__Data records__
-----

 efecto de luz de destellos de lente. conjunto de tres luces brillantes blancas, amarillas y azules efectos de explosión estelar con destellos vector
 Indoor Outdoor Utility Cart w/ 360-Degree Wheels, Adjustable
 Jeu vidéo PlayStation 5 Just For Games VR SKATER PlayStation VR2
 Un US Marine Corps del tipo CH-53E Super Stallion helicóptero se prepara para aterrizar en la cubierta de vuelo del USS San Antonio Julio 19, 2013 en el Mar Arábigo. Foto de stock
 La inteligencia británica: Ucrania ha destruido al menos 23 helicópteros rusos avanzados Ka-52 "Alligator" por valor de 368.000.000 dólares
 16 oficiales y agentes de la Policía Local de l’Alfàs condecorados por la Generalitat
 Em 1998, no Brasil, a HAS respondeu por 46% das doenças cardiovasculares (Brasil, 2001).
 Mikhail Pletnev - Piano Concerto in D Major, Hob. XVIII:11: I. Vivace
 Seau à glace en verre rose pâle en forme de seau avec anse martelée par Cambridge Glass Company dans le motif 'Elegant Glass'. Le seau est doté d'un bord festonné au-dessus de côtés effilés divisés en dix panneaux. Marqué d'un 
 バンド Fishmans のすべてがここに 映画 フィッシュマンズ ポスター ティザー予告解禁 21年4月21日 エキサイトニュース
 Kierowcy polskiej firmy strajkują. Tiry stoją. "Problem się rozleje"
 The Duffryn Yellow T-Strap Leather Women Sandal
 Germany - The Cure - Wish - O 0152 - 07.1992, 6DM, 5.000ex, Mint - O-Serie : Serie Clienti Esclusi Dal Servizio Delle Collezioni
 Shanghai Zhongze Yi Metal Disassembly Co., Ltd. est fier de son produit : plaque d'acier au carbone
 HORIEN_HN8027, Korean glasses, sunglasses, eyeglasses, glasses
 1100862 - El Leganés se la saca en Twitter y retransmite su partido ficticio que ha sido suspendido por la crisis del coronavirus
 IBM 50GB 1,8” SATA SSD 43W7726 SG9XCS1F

-----

__Activity__
Please transcribe exactly the line containing "Indoor Outdoor Utility" and every line after it to the end of the data, and no other lines.

__Answer area__
 Indoor Outdoor Utility Cart w/ 360-Degree Wheels, Adjustable
 Jeu vidéo PlayStation 5 Just For Games VR SKATER PlayStation VR2
 Un US Marine Corps del tipo CH-53E Super Stallion helicóptero se prepara para aterrizar en la cubierta de vuelo del USS San Antonio Julio 19, 2013 en el Mar Arábigo. Foto de stock
 La inteligencia británica: Ucrania ha destruido al menos 23 helicópteros rusos avanzados Ka-52 "Alligator" por valor de 368.000.000 dólares
 16 oficiales y agentes de la Policía Local de l’Alfàs condecorados por la Generalitat
 Em 1998, no Brasil, a HAS respondeu por 46% das doenças cardiovasculares (Brasil, 2001).
 Mikhail Pletnev - Piano Concerto in D Major, Hob. XVIII:11: I. Vivace
 Seau à glace en verre rose pâle en forme de seau avec anse martelée par Cambridge Glass Company dans le motif 'Elegant Glass'. Le seau est doté d'un bord festonné au-dessus de côtés effilés divisés en dix panneaux. Marqué d'un 
 バンド Fishmans のすべてがここに 映画 フィッシュマンズ ポスター ティザー予告解禁 21年4月21日 エキサイトニュース
 Kierowcy polskiej firmy strajkują. Tiry stoją. "Problem się rozleje"
 The Duffryn Yellow T-Strap Leather Women Sandal
 Germany - The Cure - Wish - O 0152 - 07.1992, 6DM, 5.000ex, Mint - O-Serie : Serie Clienti Esclusi Dal Servizio Delle Collezioni
 Shanghai Zhongze Yi Metal Disassembly Co., Ltd. est fier de son produit : plaque d'acier au carbone
 HORIEN_HN8027, Korean glasses, sunglasses, eyeglasses, glasses
 1100862 - El Leganés se la saca en Twitter y retransmite su partido ficticio que ha sido suspendido por la crisis del coronavirus
 IBM 50GB 1,8” SATA SSD 43W7726 SG9XCS1F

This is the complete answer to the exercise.